Doctor knows best


On Tuesday, as I listened to David Cameron on the Today programme, I found myself wondering why it is that Tories often seem to know better than the professionals when it comes to fixing problems in our public services. Cameron was trying (yet again) to defend the government’s proposals for junior doctors on the grounds that we need a 7-day NHS in order to improve outcomes for people admitted at the weekend. As Sarah Montague pointed out to him, that particular argument has already been thoroughly discredited.

So why do Cameron and Hunt persist in trying to win an argument using evidence that has effectively been thrown out of court? Partly, of course, because they are hoping that the general public aren’t reading the small print in the first place. Partly, because they know that most of us won’t understand the technical and statistical language that the critics (who include the medical director of NHS England, no less) are (rightly) using to point out why Hunt is wrong to say what he does. Partly, too, because the government are trying to win the argument by reducing the trust that people generally have in doctors. As the odds are rather against politicians winning a trust game against doctors, the politicians are left playing the mortality card (the “we’re the ones who will protect you when it really matters most” one). And finally, because they know better than the doctors. Apparently.

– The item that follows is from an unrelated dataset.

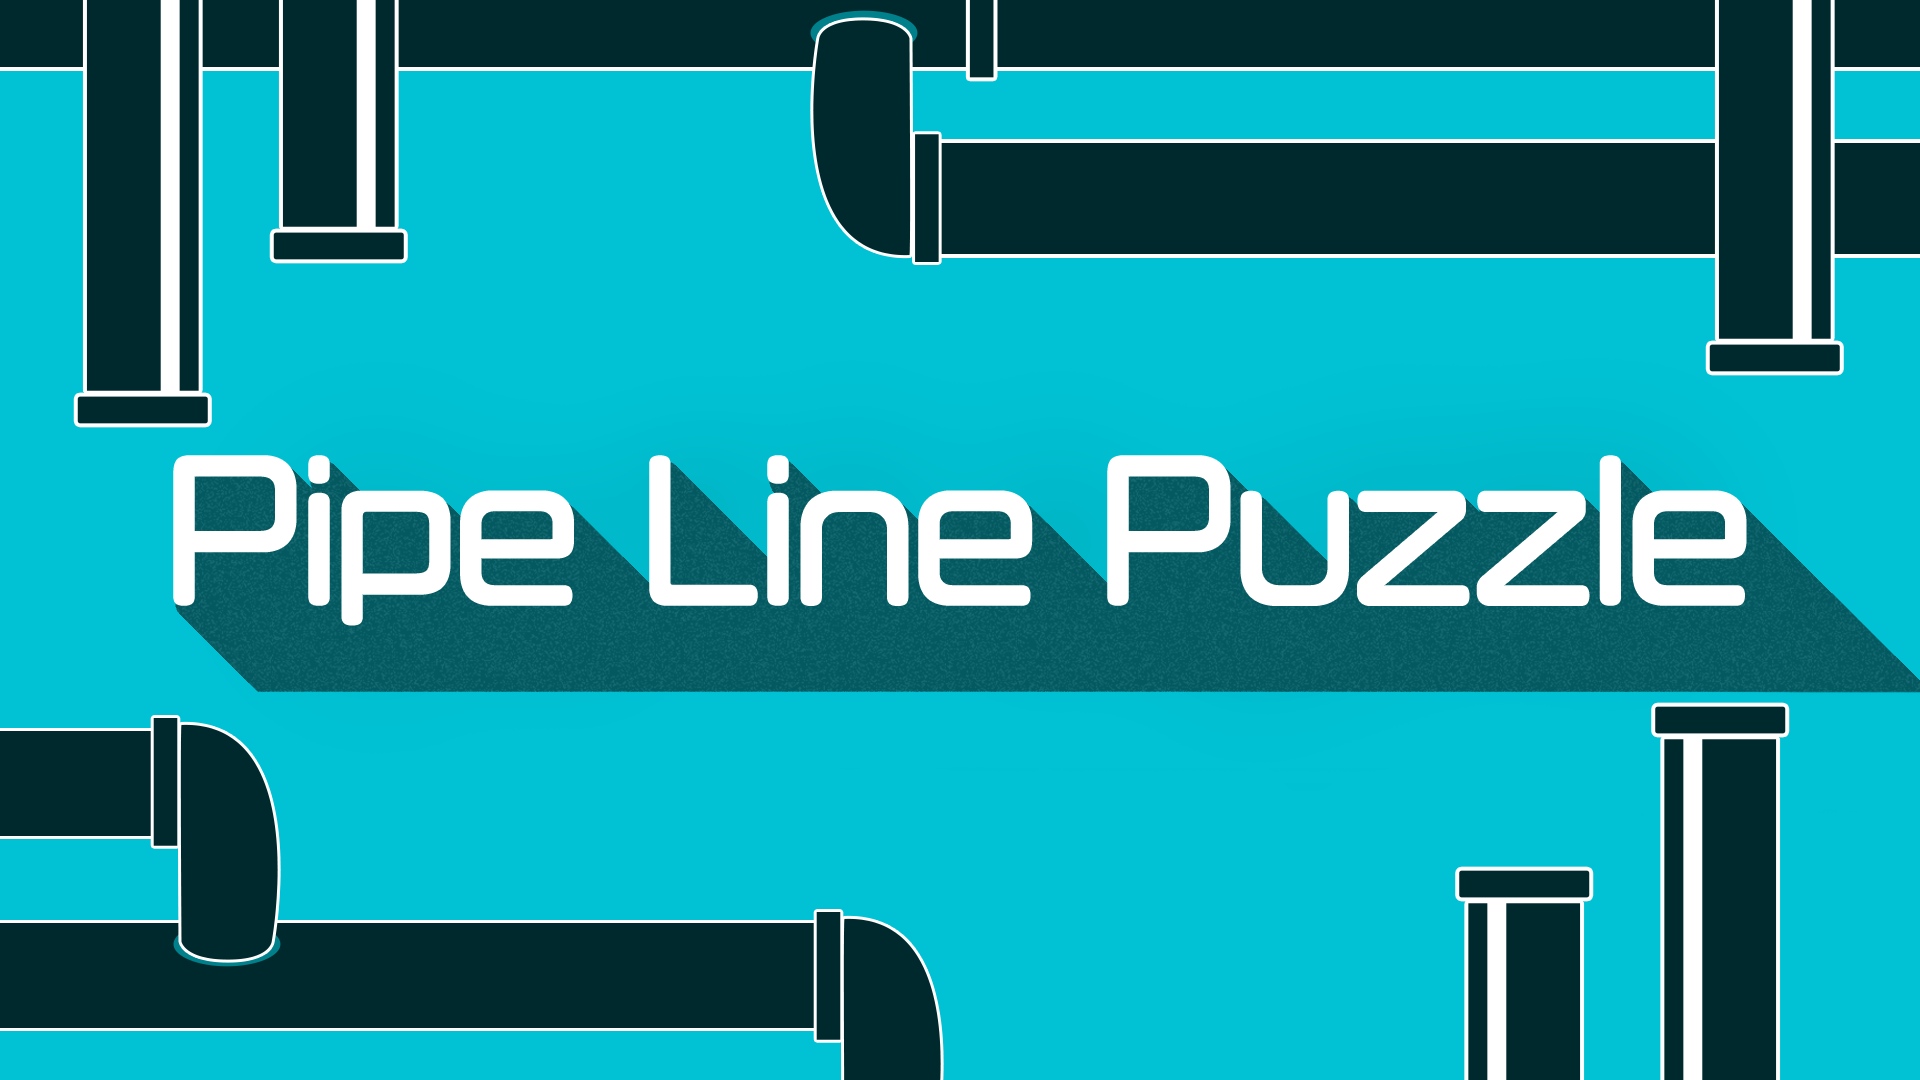 Pipe Line Puzzle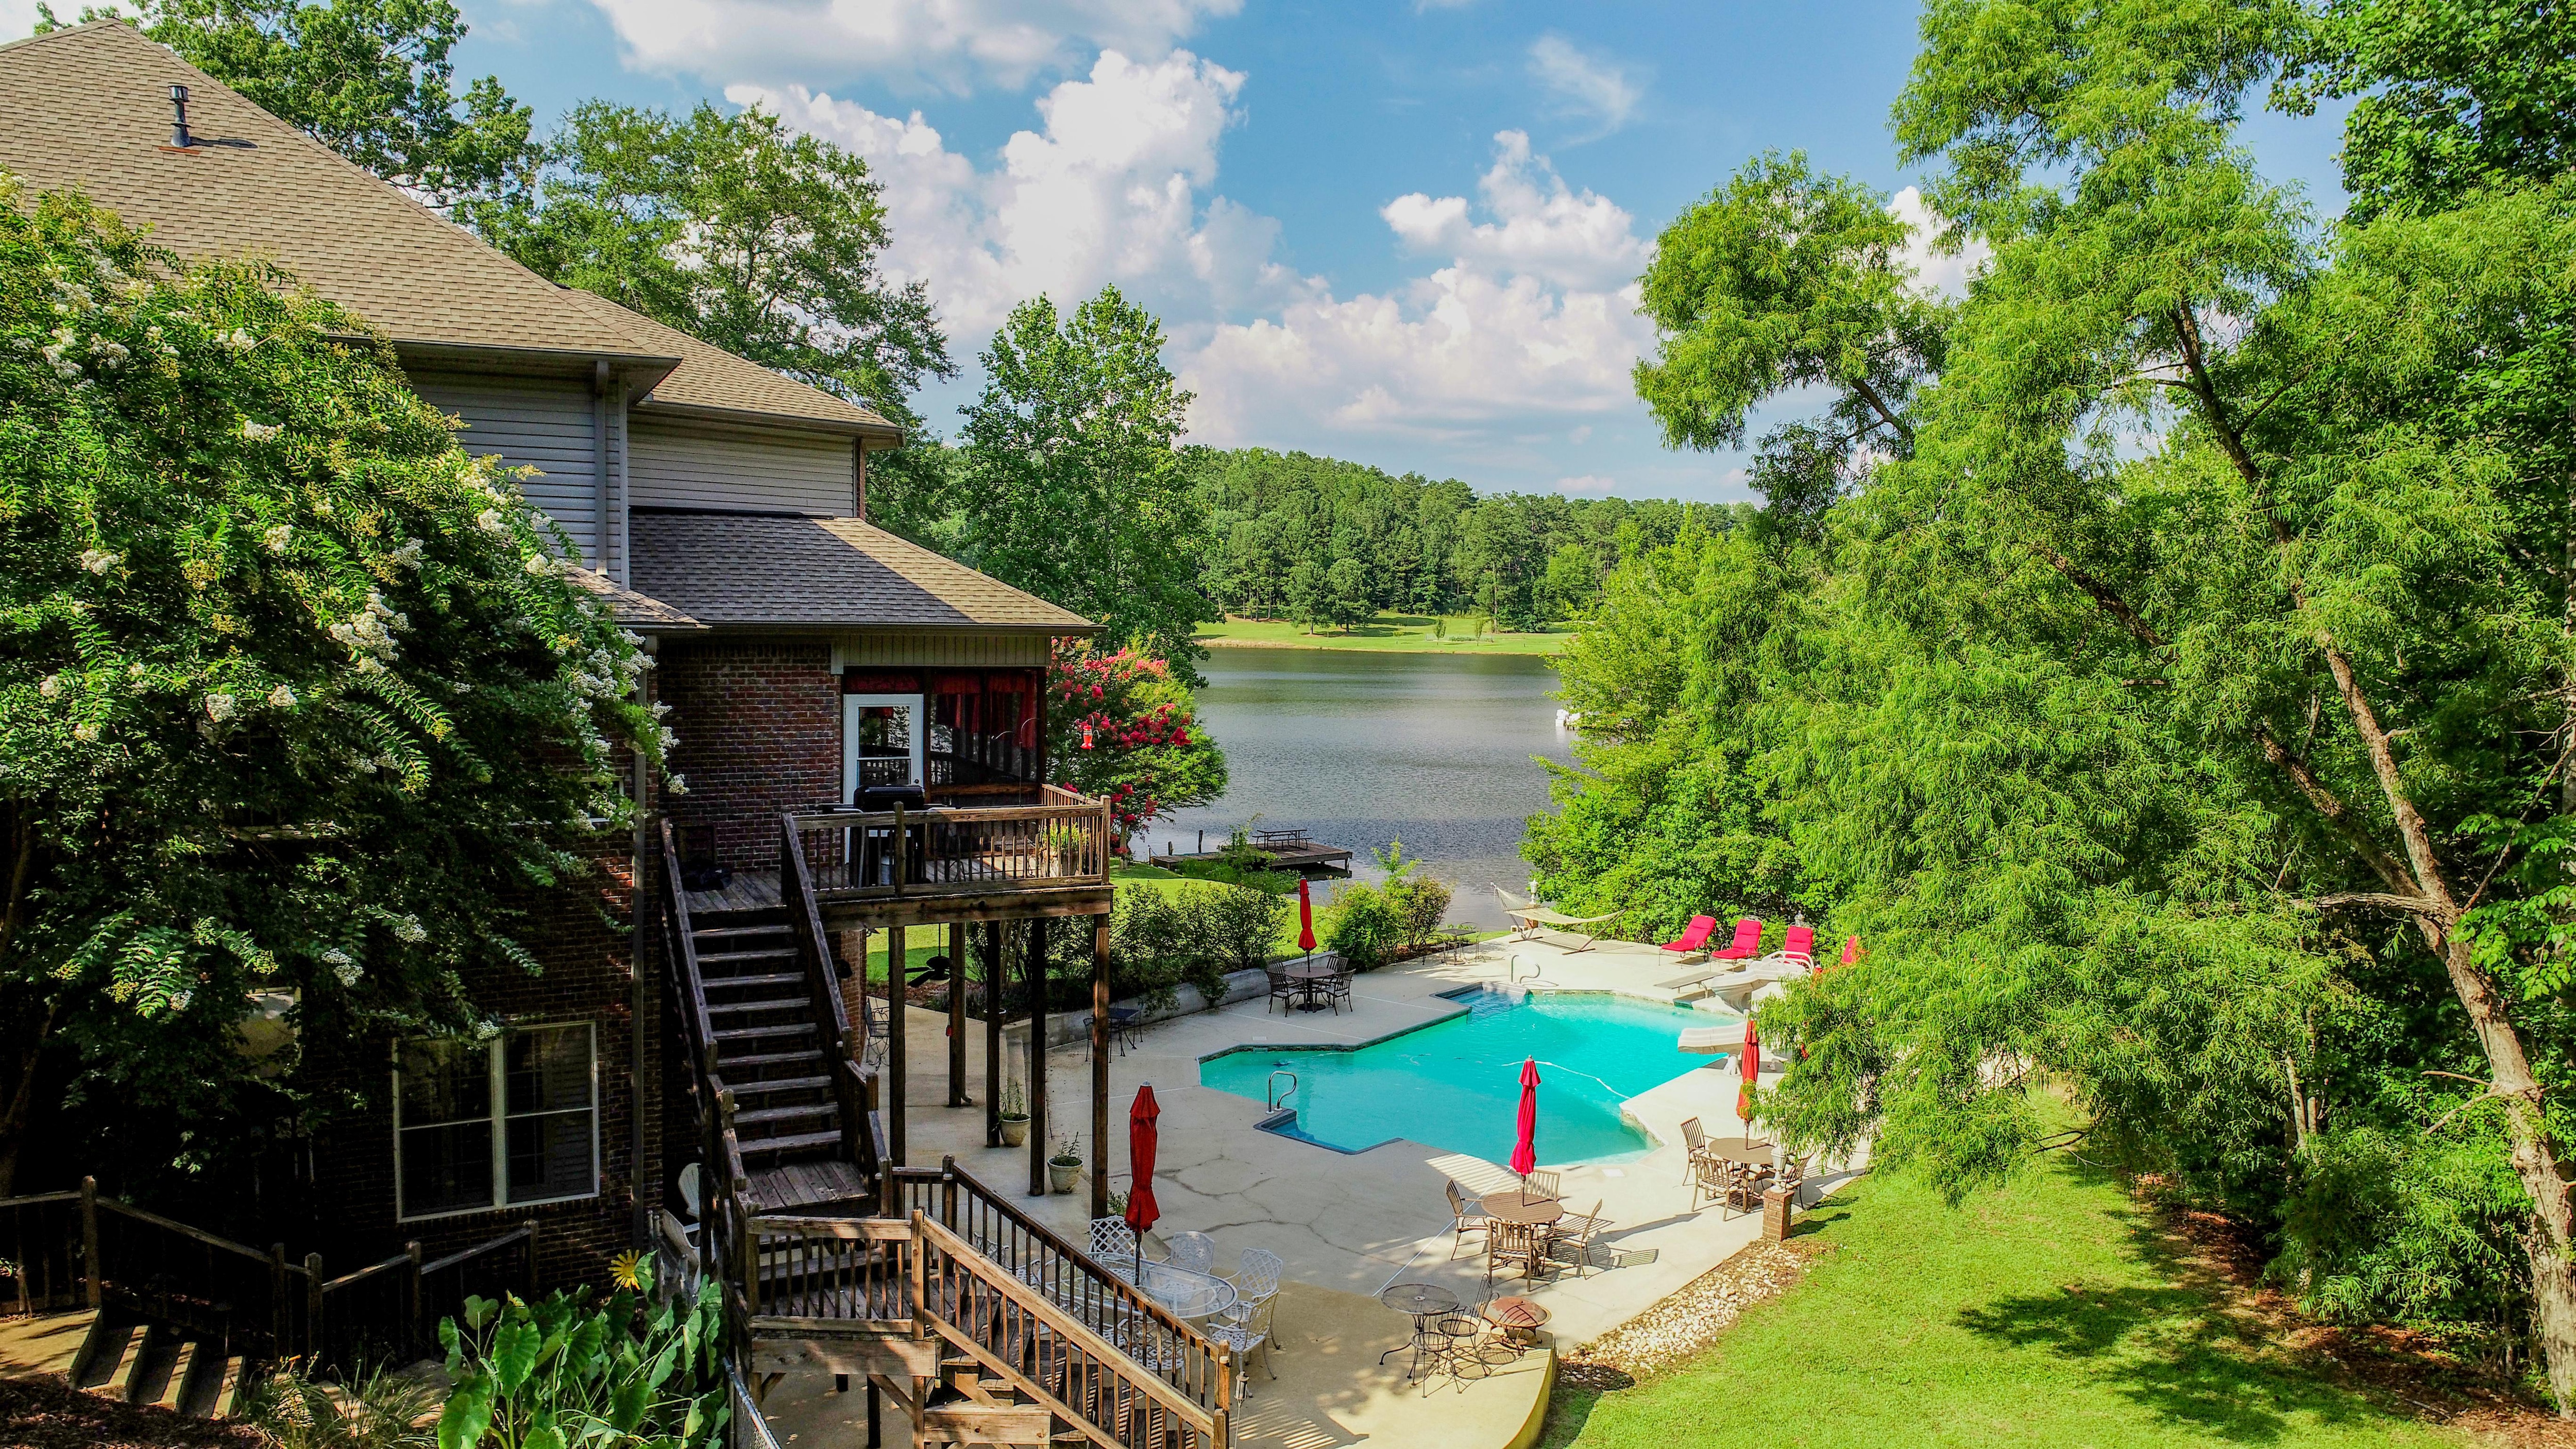 Bama Lakeside Retreat has a beautiful outdoor space including a heated pool.

I bet neither Mr Cameron nor Mr Hunt tells their chauffeur how to drive, or a plumber how to fix their sink. Nor do they appear on news programmes offering management solutions to the private sector.  So what is so different about the people who run and work in our public services from the people who run and work in the private sector? Does being paid by the tax-payer render them immediately less knowledgeable and less skilled than their equivalents in business? No. Does agreeing to pay the NHS bill make Cameron and Hunt overnight experts on management techniques useful for wringing most benefit from an under-resourced, multi-layered and complex organisation? No. It does give them a say in NHS priorities, but not in how to go about achieving them.  Having an interest is not the same as having expertise. Better political leaders would be spending time working with the doctors and all the other health service professions to maximise benefit from the system, not playing trust games and trying to assume superior knowledge.

I’d expect a plumber shown the same disrespect as Cameron and Hunt have been showing the doctors to walk away from the job. I’m not surprised the junior doctors are doing the same.  It may be too much to hope that Cameron and Hunt stop misusing statistics, but let’s hope the junior doctors get the courtesy as well as the working conditions they need.